Chromosome-wide distribution of haplotype blocks and the role of recombination hot spots.
Phillips MS., Lawrence R., Sachidanandam R., Morris AP., Balding DJ., Donaldson MA., Studebaker JF., Ankener WM., Alfisi SV., Kuo FS., Camisa AL., Pazorov V., Scott KE., Carey BJ., Faith J., Katari G., Bhatti HA., Cyr JM., Derohannessian V., Elosua C., Forman AM., Grecco NM., Hock CR., Kuebler JM., Lathrop JA., Mockler MA., Nachtman EP., Restine SL., Varde SA., Hozza MJ., Gelfand CA., Broxholme J., Abecasis GR., Boyce-Jacino MT., Cardon LR.
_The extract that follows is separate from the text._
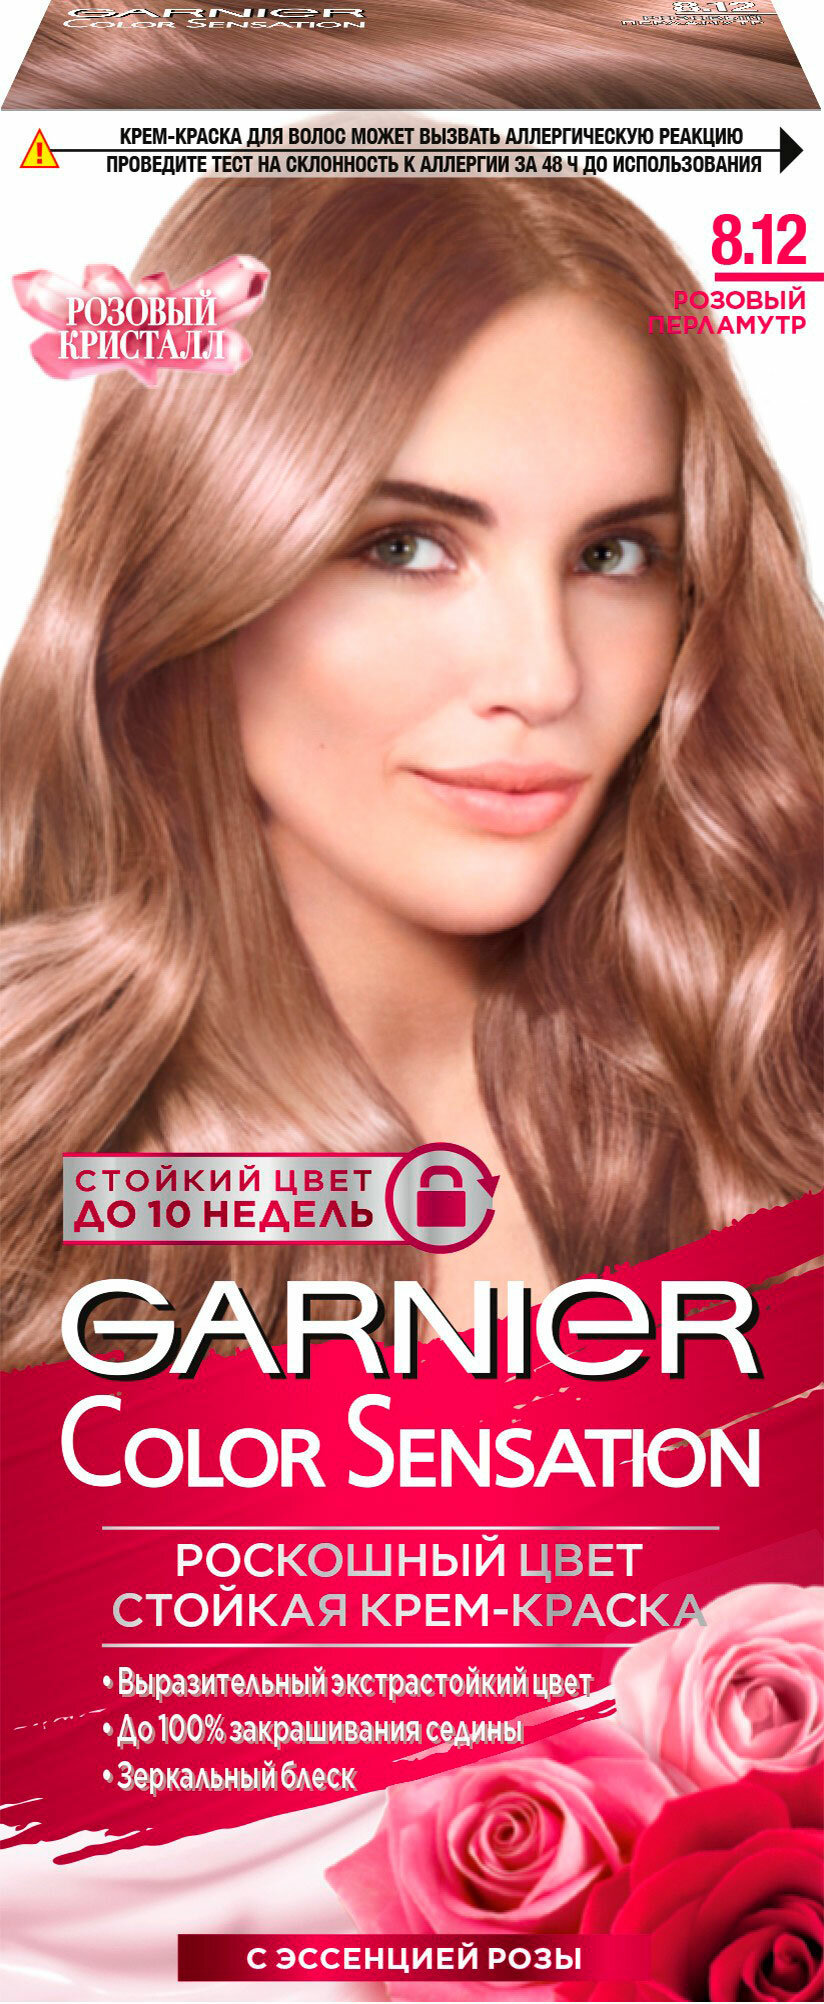 Garnier Color Sensation стойкая крем-краска для волос 8.12 Розовый перламутр

Recent studies of human populations suggest that the genome consists of chromosome segments that are ancestrally conserved ('haplotype blocks'; refs. 1-3) and have discrete boundaries defined by recombination hot spots. Using publicly available genetic markers, we have constructed a first-generation haplotype map of chromosome 19. As expected for this marker density, approximately one-third of the chromosome is encompassed within haplotype blocks. Evolutionary modeling of the data indicates that recombination hot spots are not required to explain most of the observed blocks, providing that marker ascertainment and the observed marker spacing are considered. In contrast, several long blocks are inconsistent with our evolutionary models, and different mechanisms could explain their origins.